5) The rise of analytics. Snabe told analysts that "with the acquisition of Business Objects, we have also taken the lead in analytics, as recently demonstrated by Gartner." McDermott noted that SAP added lots of new customers for analytics and the overall "business user" sector of which analytics is a part, with sales to new customers making up 37% of that sector's revenue for the quarter.
Five Reasons From Co-CEO McDermott.
1) The return of transformational deals. "We also saw a return to some large transformational deals that deals over 5 million euro, which accounted for 27% of order entry compared to 12% in last year’s first quarter," McDermott told analysts. "And the average deal size was up 36% year-over-year."
2) Double-digit growth: broad and deep. On the earnings call, McDermott cited "our return to double-digit software and software-related services growth in Q1" across all geographic regions and "in our small and mid-sized enterprise business, in SAP Business Objects, and in our focus industries." And that momentum is continuing into the future, McDermott said on the earnings-call transcript: "There is in fact a strong pipeline for Q2 and the remaining quarters."

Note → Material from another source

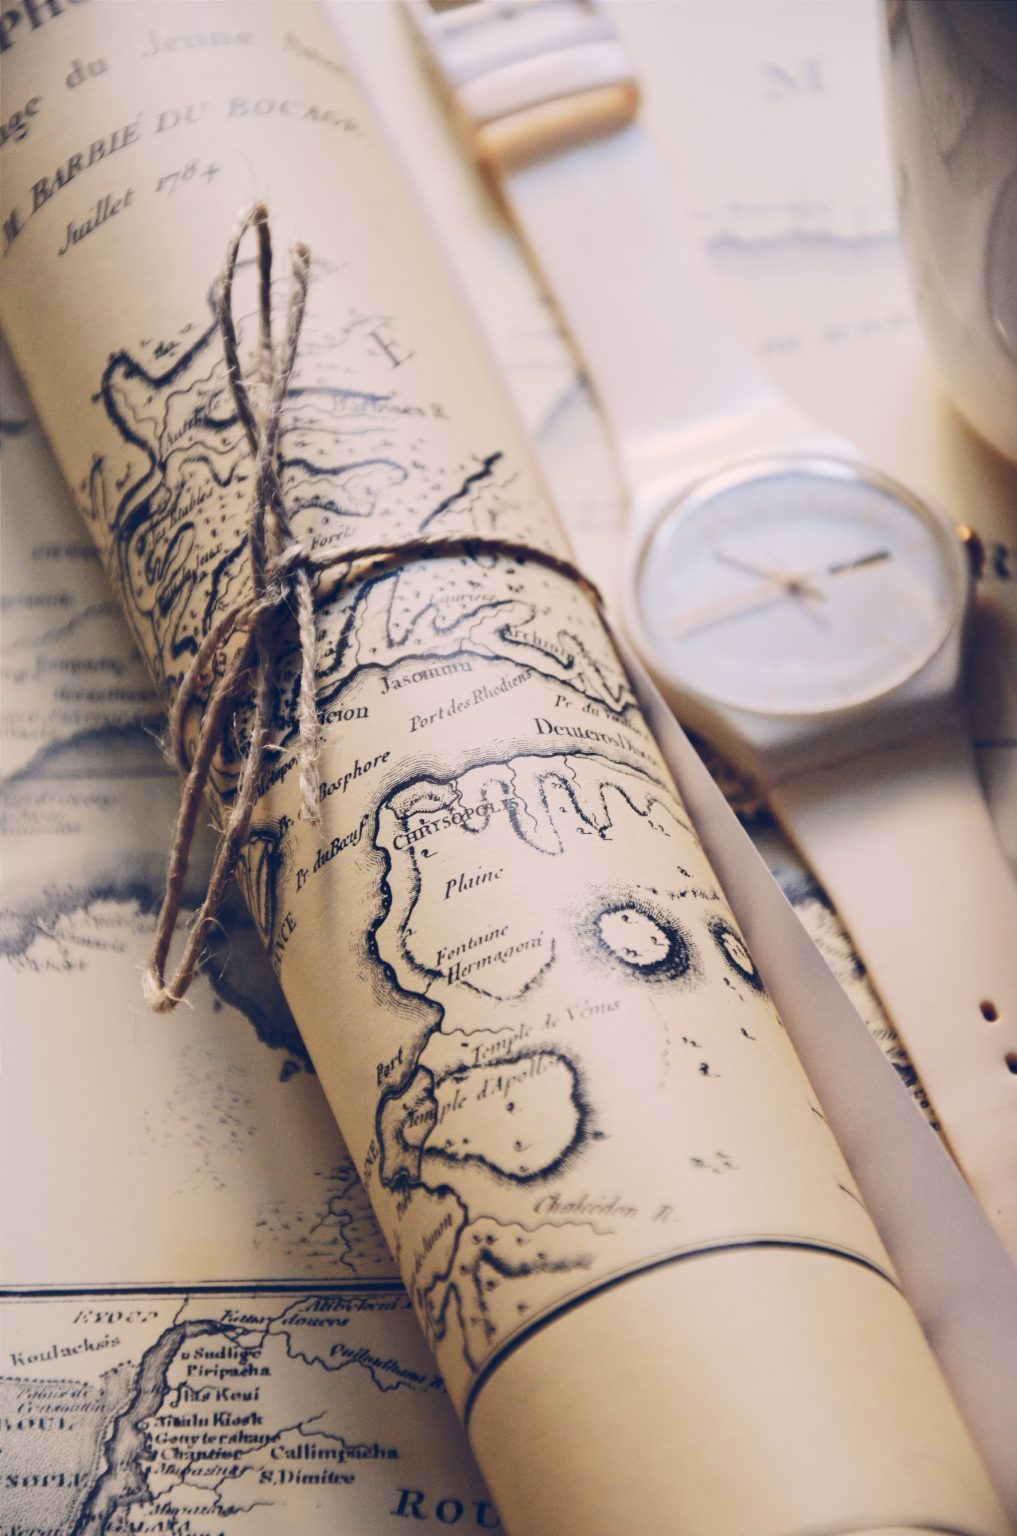 Image of an ancient map rolled up and tied with twine.

3) Enabling business-driven CIOs. In our phone chat after the earnings call, I asked McDermott to describe the Number One objective that CEOs express to him: "Growth. They need to grow—every company we talk to says that. And the higher you go in the organization, the more you see that growth is back on the agenda and is the major topic of discussion. Everyone is looking to create the right plan or agenda to grow, sometimes directly in the industry they're in, and sometimes out into new businesses, sometimes within their own established ecosystem or sometimes out," McDermott said. "And I have to say that with respect to CIOs, we have tremendous respect for them and their management and IT overall—but the business world has reached the point where if you can't have a conversation that goes way beyond technology stacks to roadmapping business strategies and creating growth, those CIOs are just not gonna be relevant... For any IT project, hitting budget is okay and finishing on time is okay but what decision-makers really want is value--they want to know that these IT projects are going to steadily increase the company's ability to grow."
4) Regaining customers' trust. More than 90% of enterprise customers are choosing to buy SAP's top-end enterprise-support package, McDermott said on the earnings call, which he described as a huge sign of trust in SAP and its capabilities. He also pointed out to the analysts additional evidence of renewed trust from the investment community: "Our public bond offering in Q1 was significantly oversubscribed."

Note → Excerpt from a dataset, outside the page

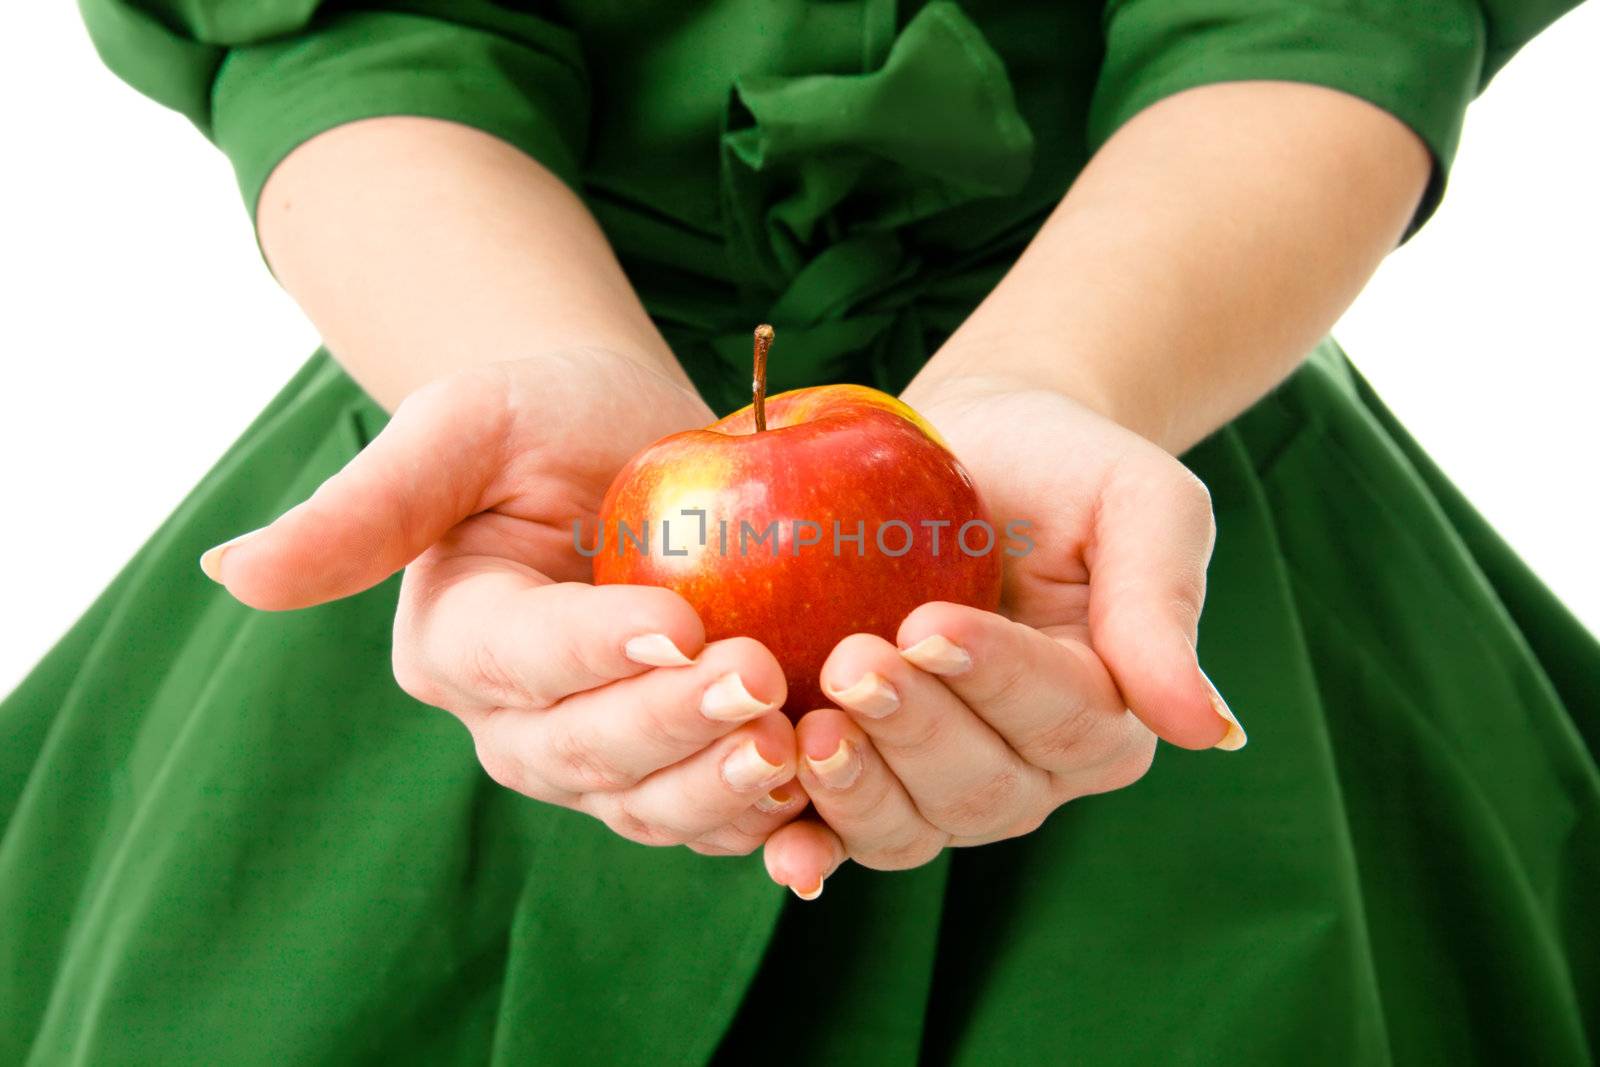 Woman's hands holding a fresh apple

5) "Knockout" deals against major competitors. While McDermott didn't identify Oracle by name in describing a series of huge competitive wins in the quarter, he also did not deny that it was Oracle whose products got ripped out and replaced by SAP's at 24 customers. "We also had some large competitive knockouts in the quarter—but I can't mention any names. We had 70 significant competitive wins, and of those, 24 were literal replacements of competitive installations."
Looking back on the ills outlined 11 weeks ago by chairman Plattner, it appears that Snabe and McDermott have delivered on the strategy and execution needed to address each of those significant problems. For the new co-CEOs, so far so good.